Several army veterans have also over the years been awarded millions of shillings as compensation for their arrest and torture during the 1982 attempted coup, bills that have all been picked by the taxpayer.

In the latest case Justice Nderi awarded Mr Chemai Sh20.1 million but ordered that the amount be paid with interest at court rates from the date the suit was filed in 2001 until payment in full.

Going by the 12 per cent court rate, taxpayers will have to pay Mr Chemai Sh57.1 million before factoring his legal bills.

Mr Chemai’s lawyers, Murgor & Murgor Advocates, told Justice Nderi that the recall and termination by Dr Leakey and Dr Kosgei were null and void, meaning  the former Ambassador to the US has to date not been dismissed.

The judge agreed with Mr Chemai’s lawyers that his expectation to receive a fresh deployment letter to a new station was legitimate, at least for the remainder of his term.

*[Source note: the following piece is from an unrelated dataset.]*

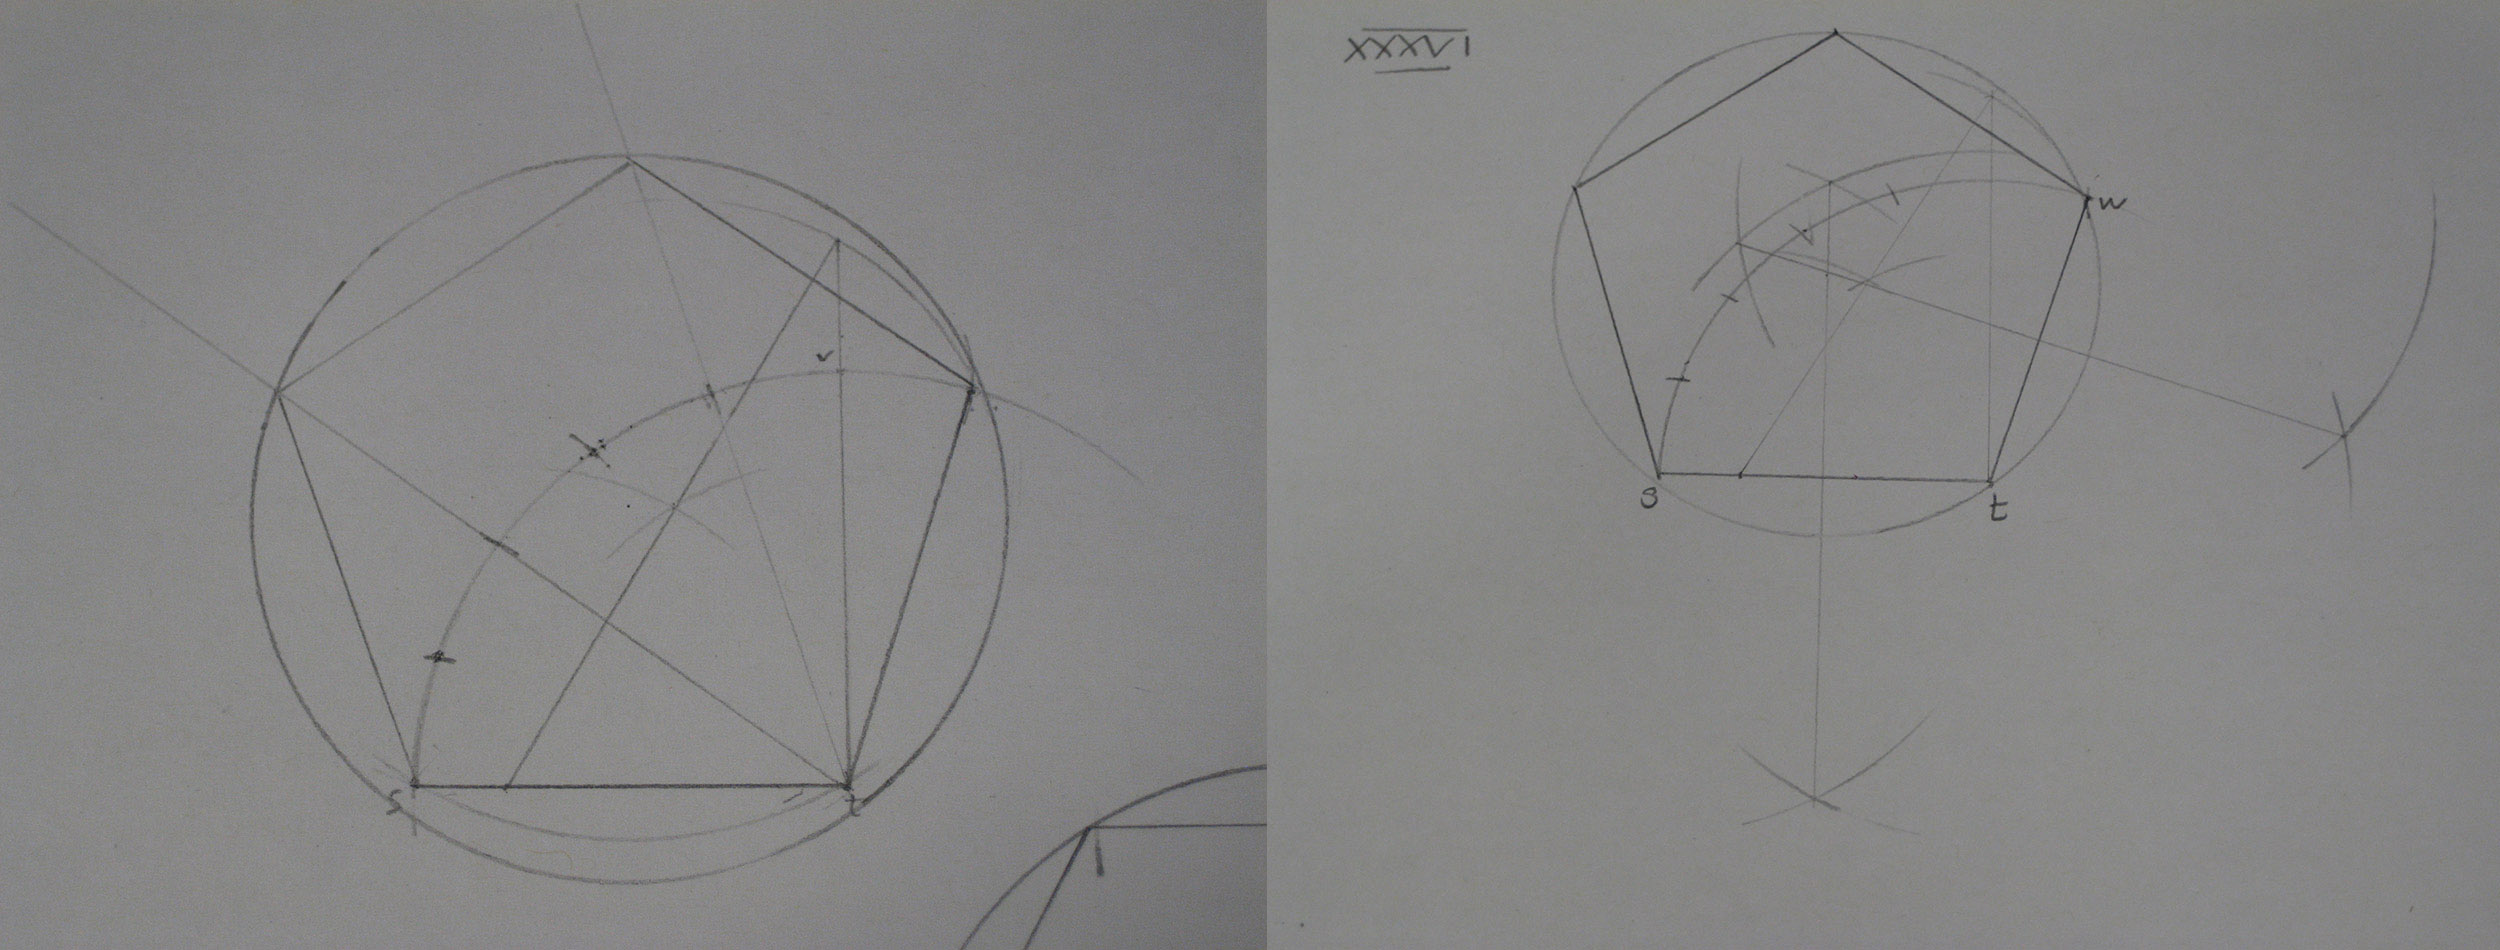 On the left, my attempt at drawing the pentagon before I’d read exercise 35 (the circle was drawn in afterwards, but I failed to locate the centre point), and on the right my attempt afterwards, where the arches to locate the centre of the circle can be seen.

“Mr Chemai may not have had entitlement to the many benefits accorded to an ambassador, but he is entitled to a fair recall and easement upon his return to the home country. Instead, he was humiliated, harassed, remained unpaid and without income. This was degrading and an invasion of Mr Chemai’s human dignity and he suffered mental anguish, pain, loss and damage,” Justice Nderi added.